1: AutoCoder (Code-Generator): Section 1
2: TalkFellow (Chat Bot): Section 2
3: ShoppingQueen (Shopping Predictor): Section 3
Python 3, AI, jupyter, GitLens
Scripts read in source code files of a certain type, generates a Keras model of it, so that it can generate new code itself.
Model generation based on 1000 code files(in sum 5 MB) and 22 epochs takes about 12 hour (without GPU!). The generated keras model file is ~40 MB big.
Train larger model
Save train options with pretty format (indent)
Compile Tensorflow with AVX & AVX2 support.
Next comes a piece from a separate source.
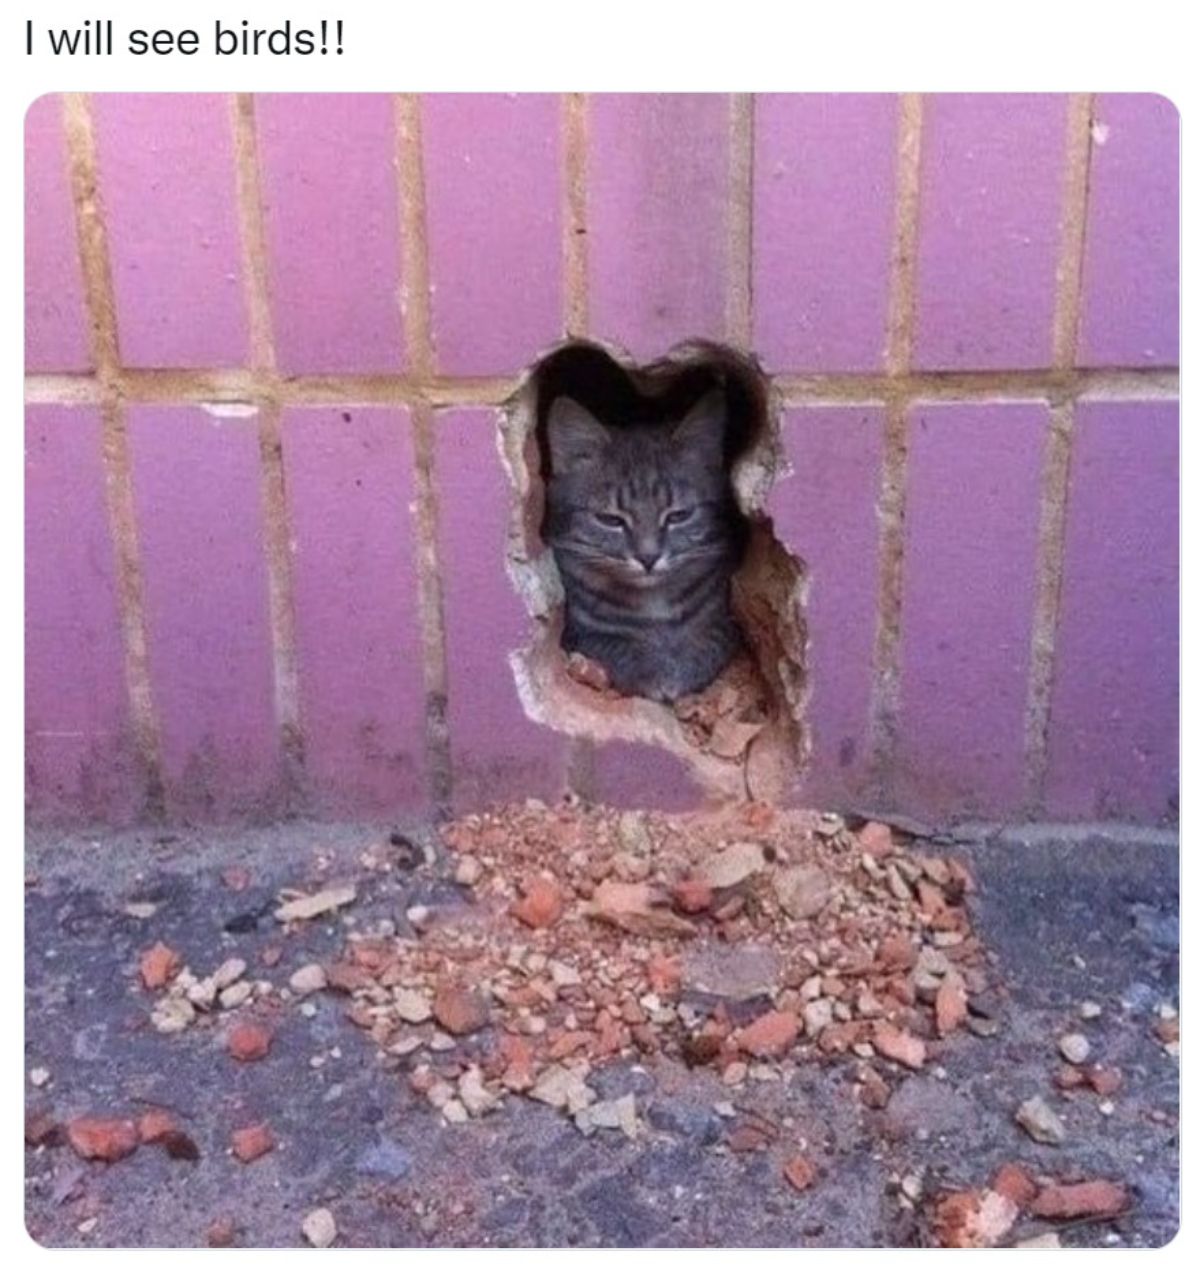 grey tabby cat sitting in a cat-shaped gap in a pink wall with bits of the wall on the ground in front of it and a caption over the photo saying i will see birds!!
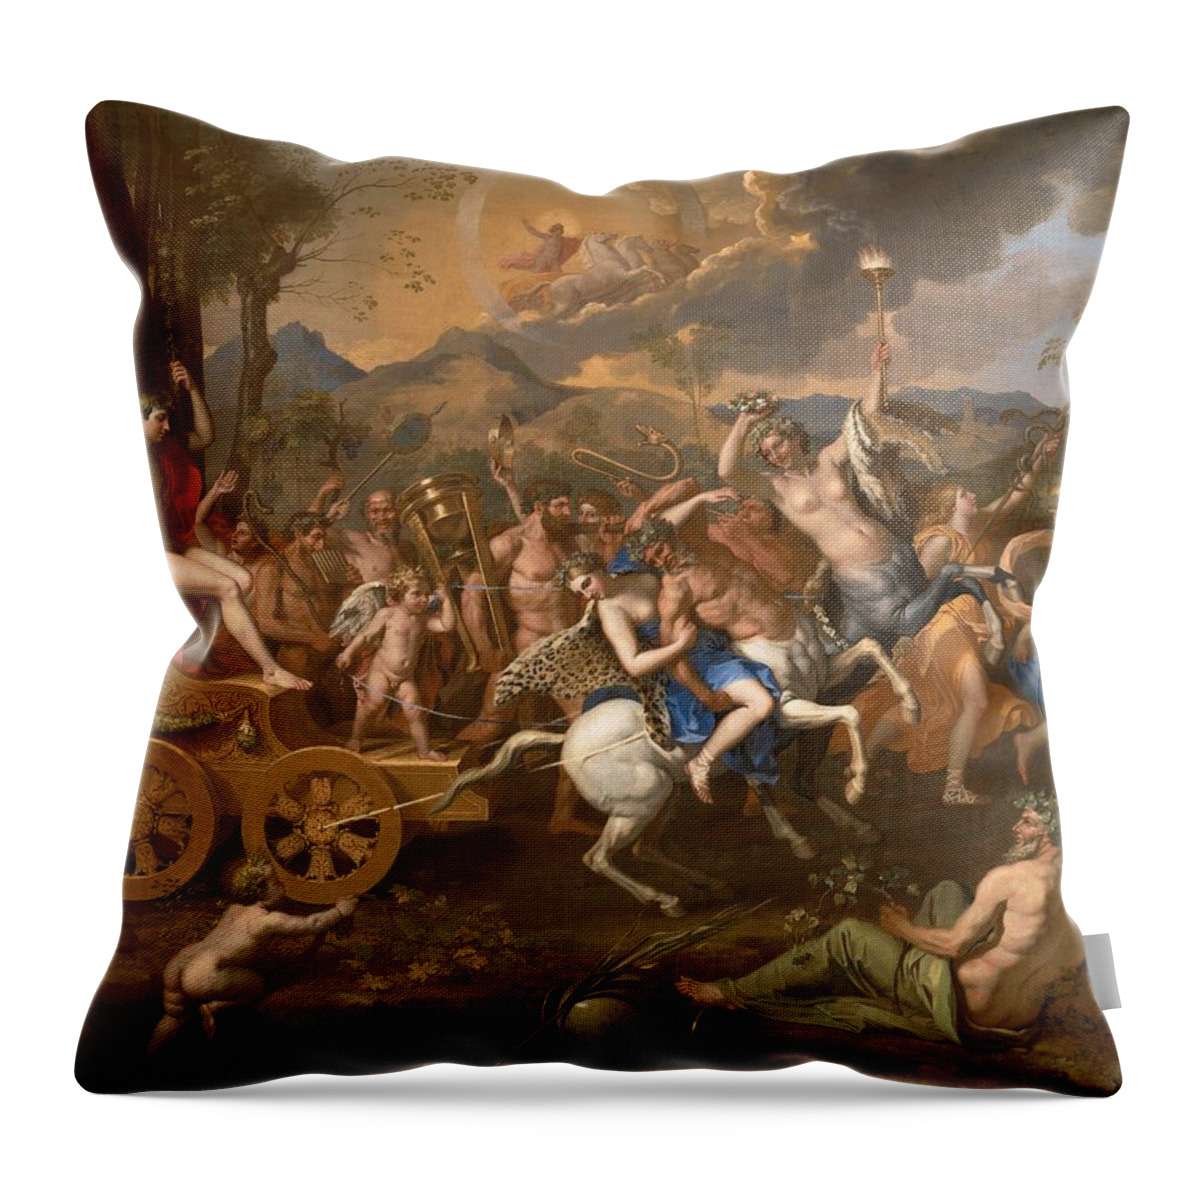 Triumph Throw Pillow featuring the painting The Triumph of Bacchus #6 by Nicolas Poussin

Use Jupyter Notebooks for data exploration
cd talkFellow
# create py virtual environment
python -m venv ../../venvs/talkFellow
# on linux: source ../../venvs/talkFellow/bin/activate
# ..\..\venvs\talkFellow\Scripts\activate.bat -> Parameterformat falsch - 850
python -m pip install --upgrade pip
pip install --upgrade setuptools
chcp 65001 //=vscode terminal set encoding to utf-8 # better: "terminal.integrated.shellArgs.windows": ["/K", "chcp 65001"],
pip install -r requirements.txt
# inc ase of errors, get newest version & adjust requirements.txt , eg:
pip install matplotlib
pip install numpy
pip install pandas
pip install --ignore-installed --upgrade tensorflow
pip install --ignore-installed --upgrade tensorflow-gpu
Activate python environment called 'talkFellow':
cd talkFellow
optional - use a virtual environment
#creates new python env in \spycy\devenv\conda\envs\talkFellow\
conda create -n talkFellow
#list envs
conda info -e
activate talkFellow
conda info -e
conda install tensorflow
execute tensorflowchecker.py & check if tensorflow installation ok
# install seq2seq
conda install -c anaconda msgpack-python //installs it into \spycy\devenv\conda\pkgs\ (if not in venv!)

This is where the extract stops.